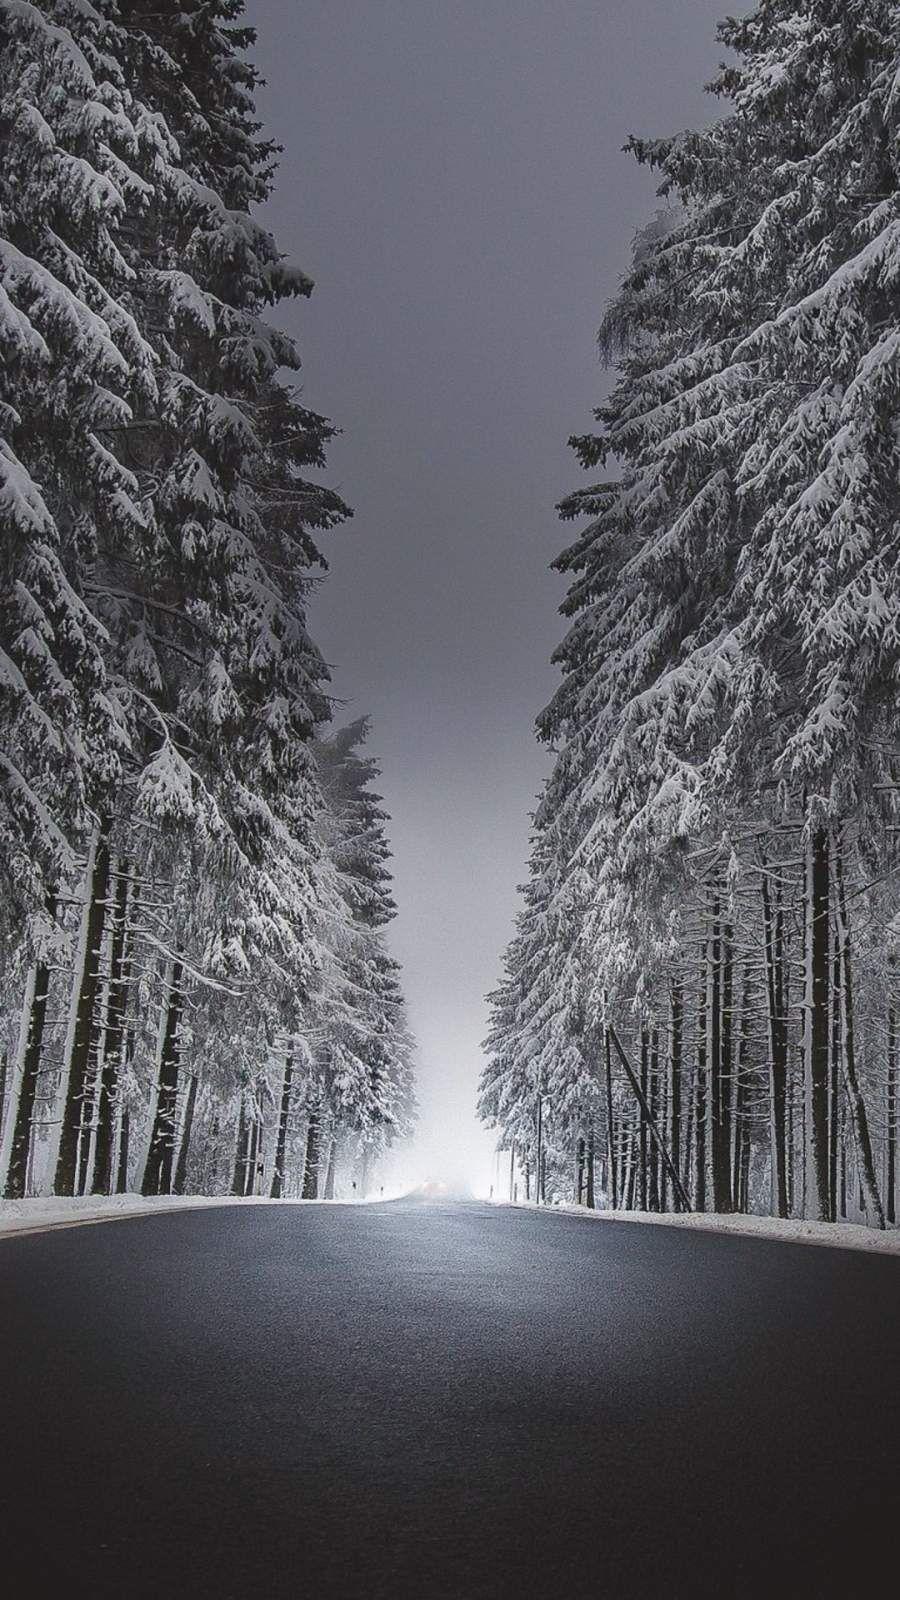 Winter Road Asphalt Snow Iphone Wallpaper Iphone Wallpaper Images Iphone Wallpaper Wallpaper Hd wallpaper snow winter road asphalt
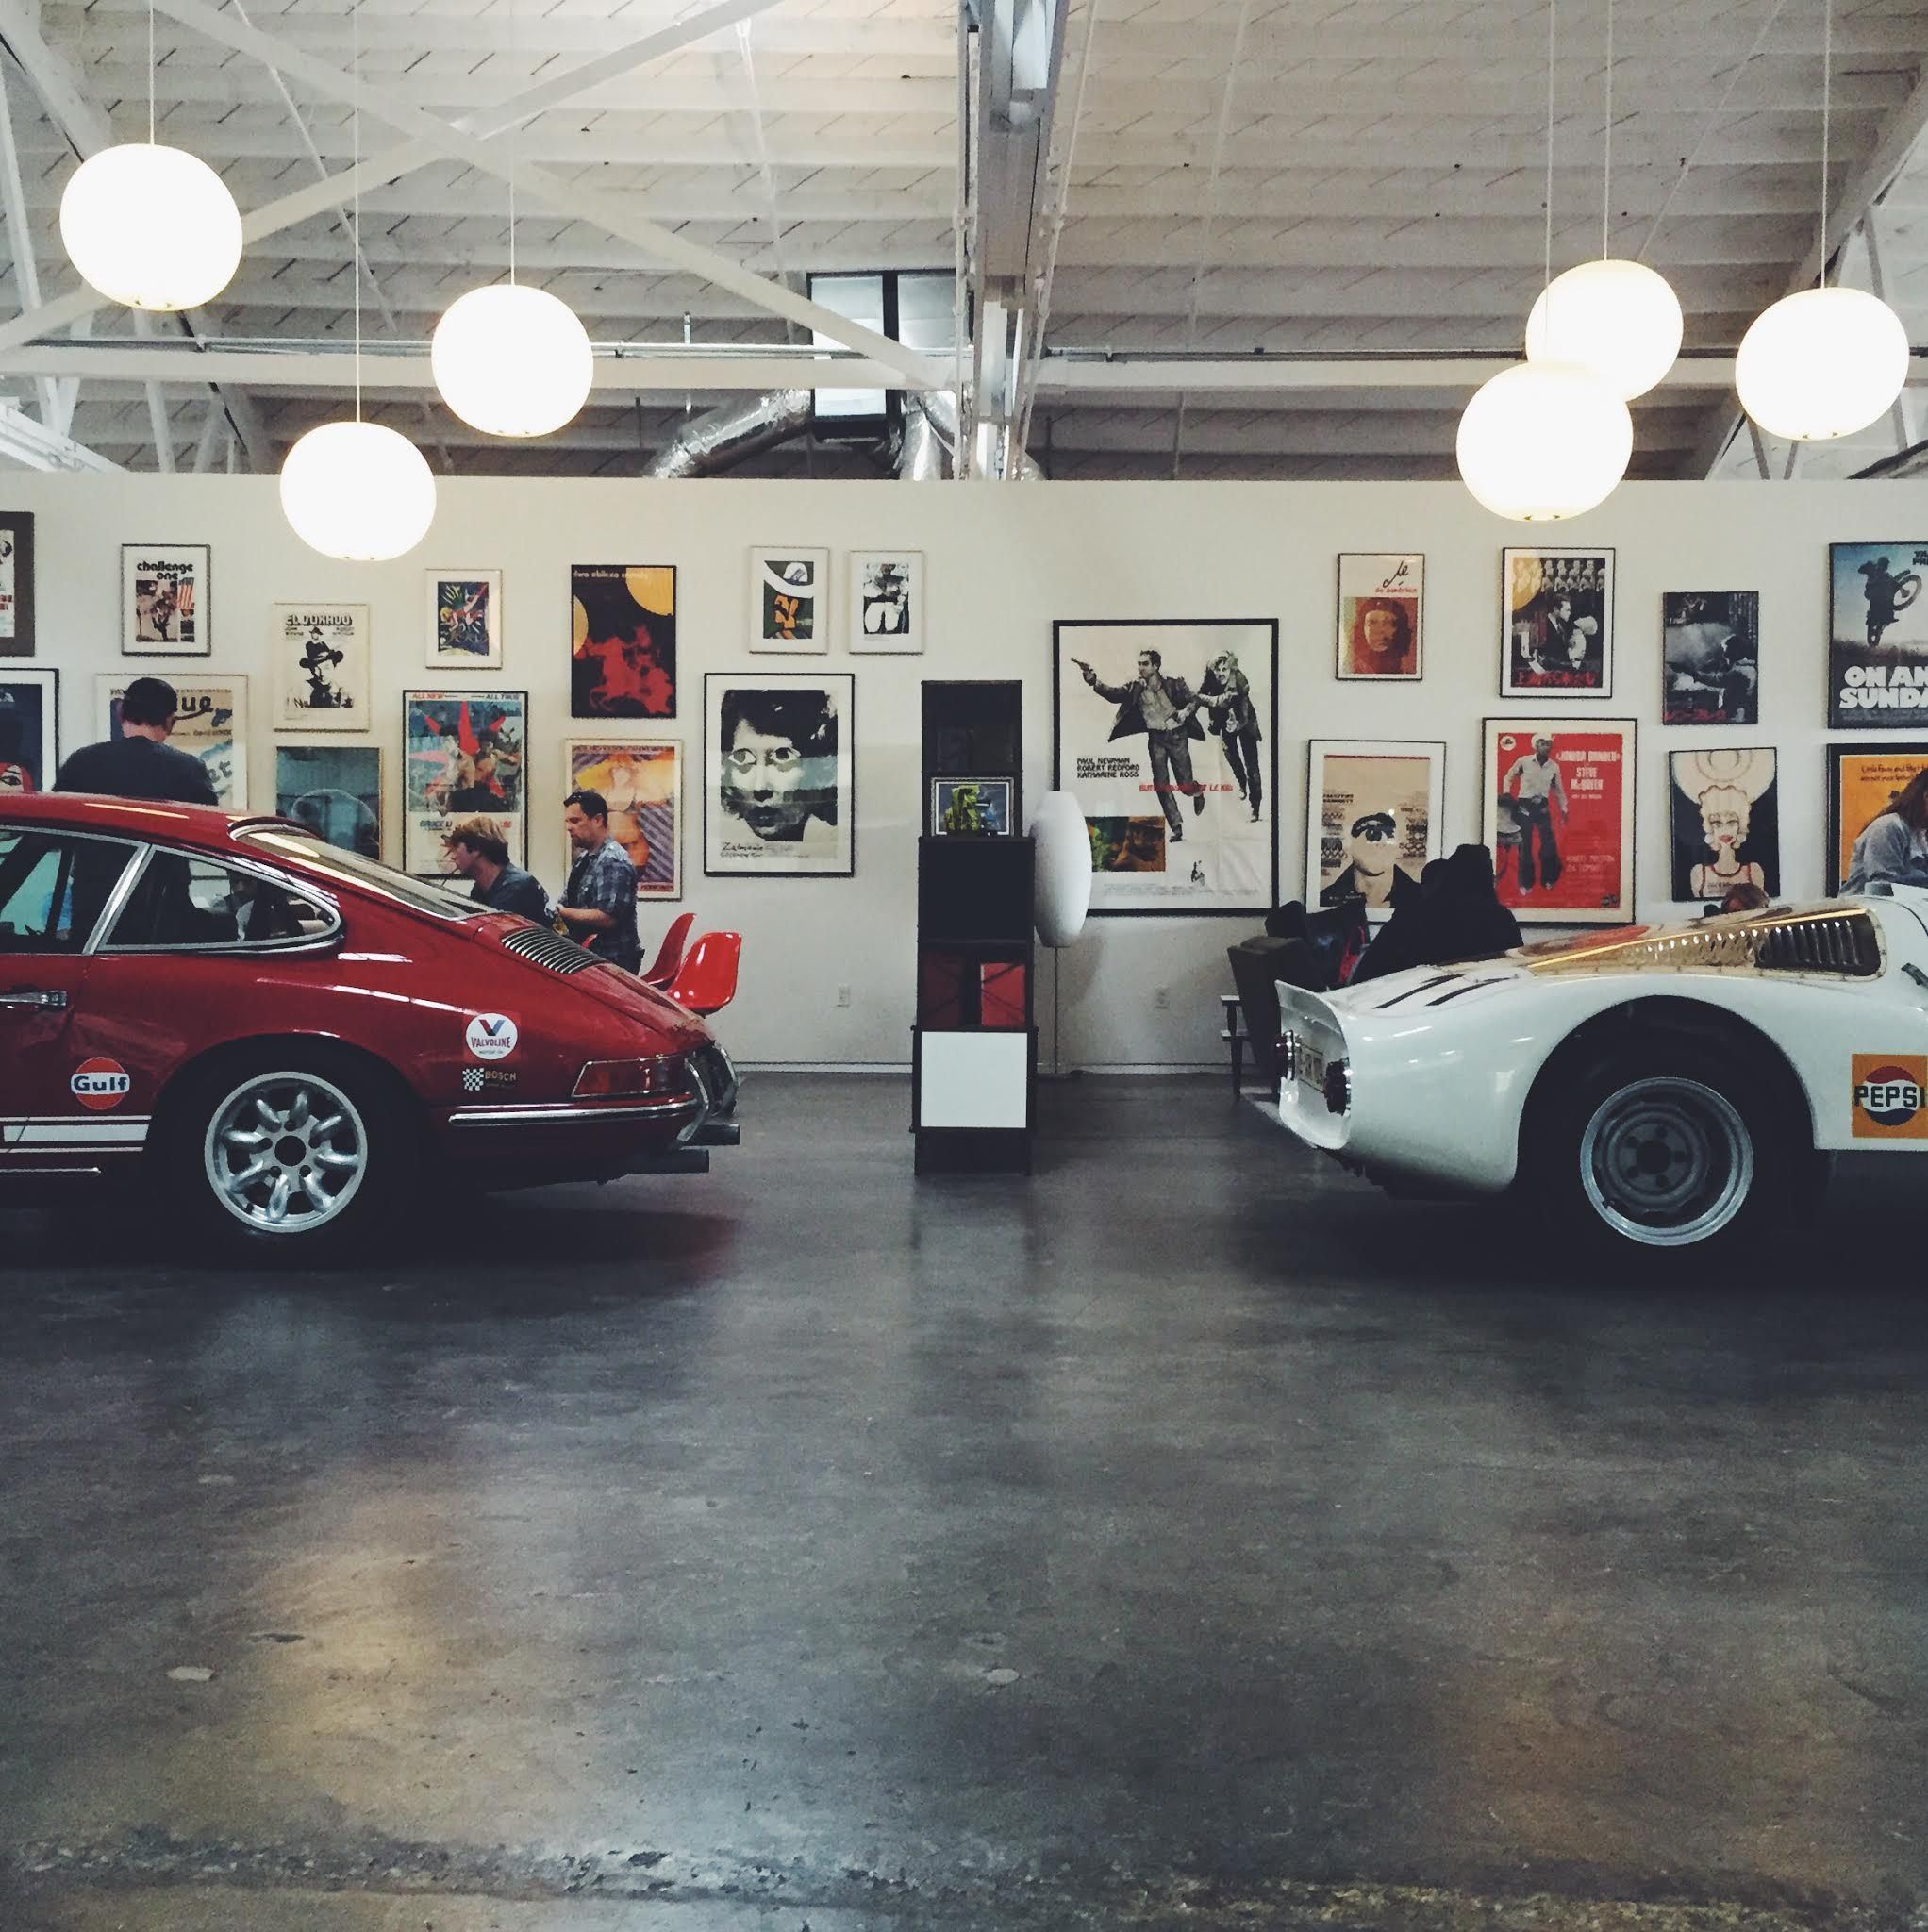 Luftgekuhlt at the shop #BanditoBTS @Luftgekuhlt @DeusEmporium @Porsche @PLMotorsport @ZwartSpeed @rbslavin
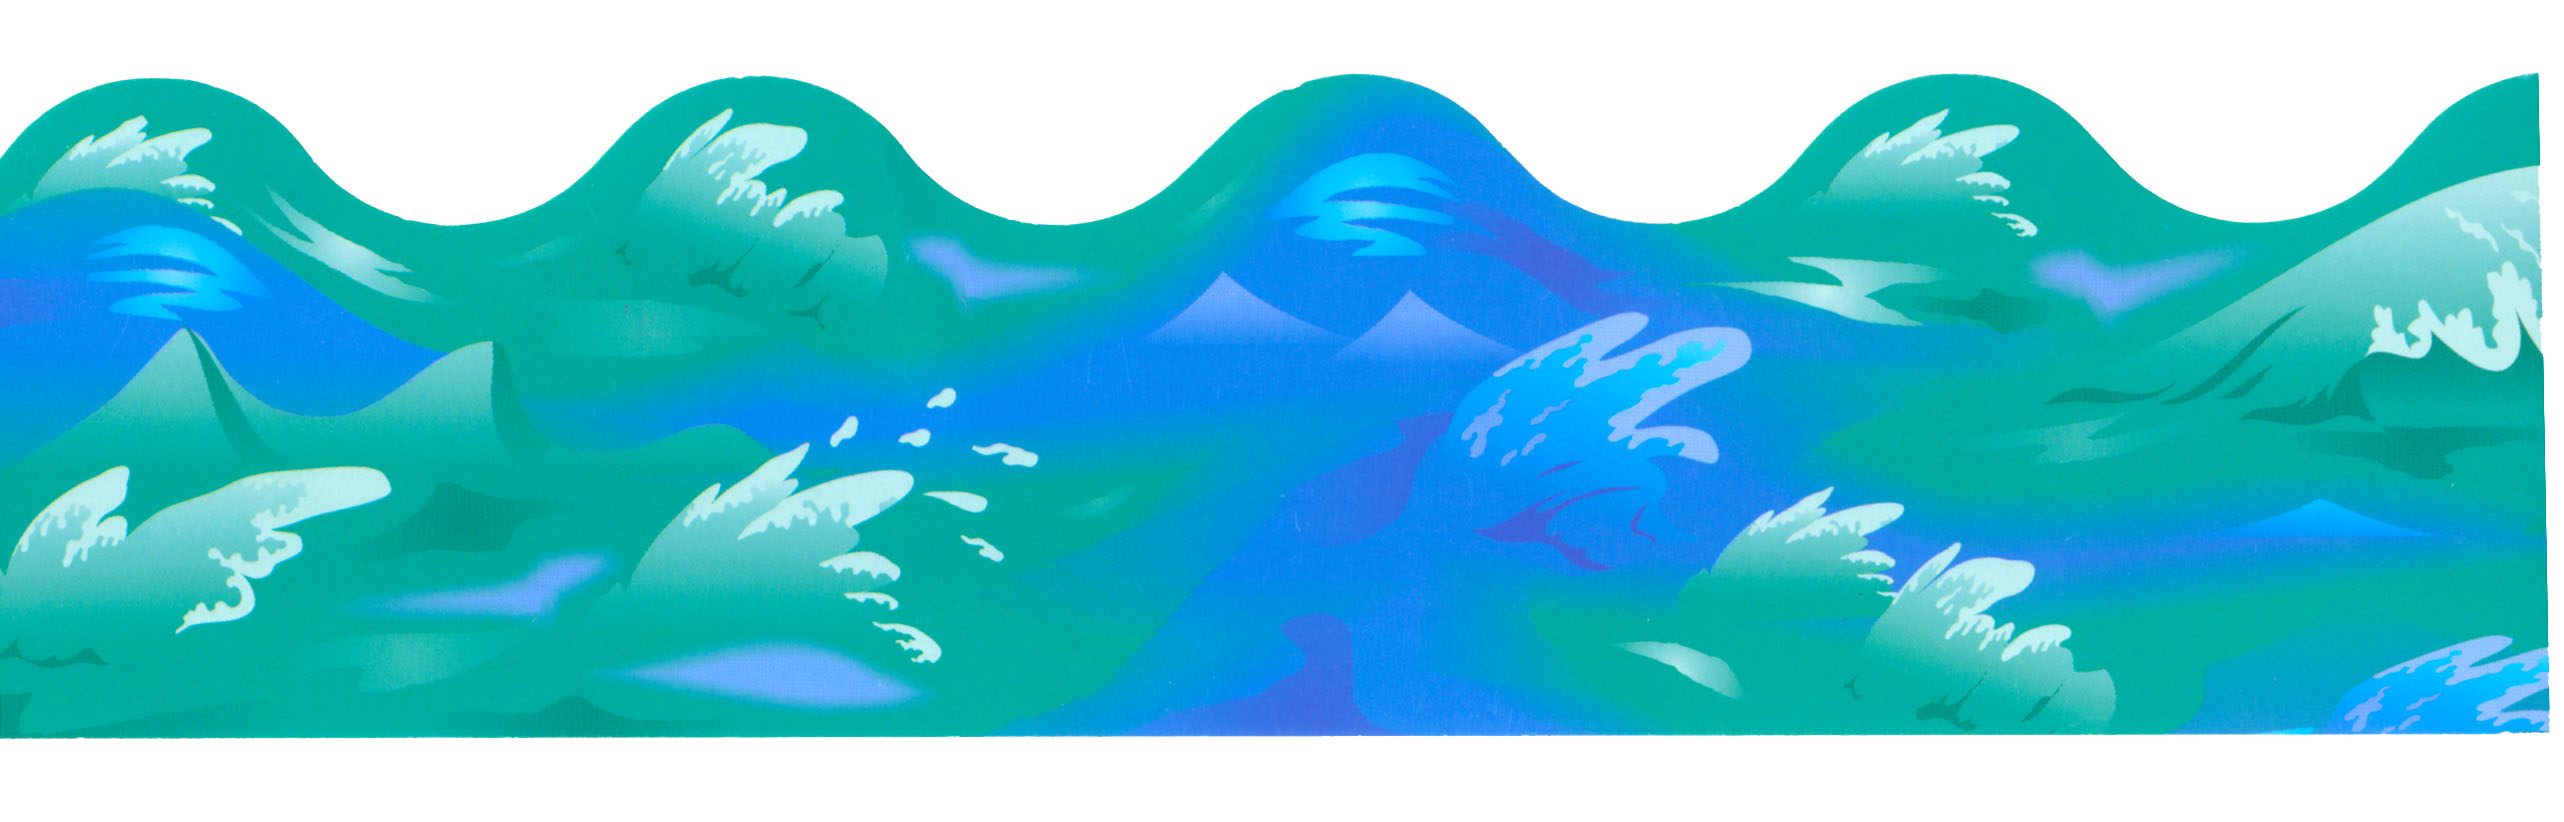 Cartoon Waves Clip Art

----------------

→ Exercise goal
Only the lines from the one that holds "Luftgekuhlt at the" through the final line of the material should be reproduced, word for word, with the pictures omitted.

→ Response
 Luftgekuhlt at the shop #BanditoBTS @Luftgekuhlt @DeusEmporium @Porsche @PLMotorsport @ZwartSpeed @rbslavin
 Cartoon Waves Clip Art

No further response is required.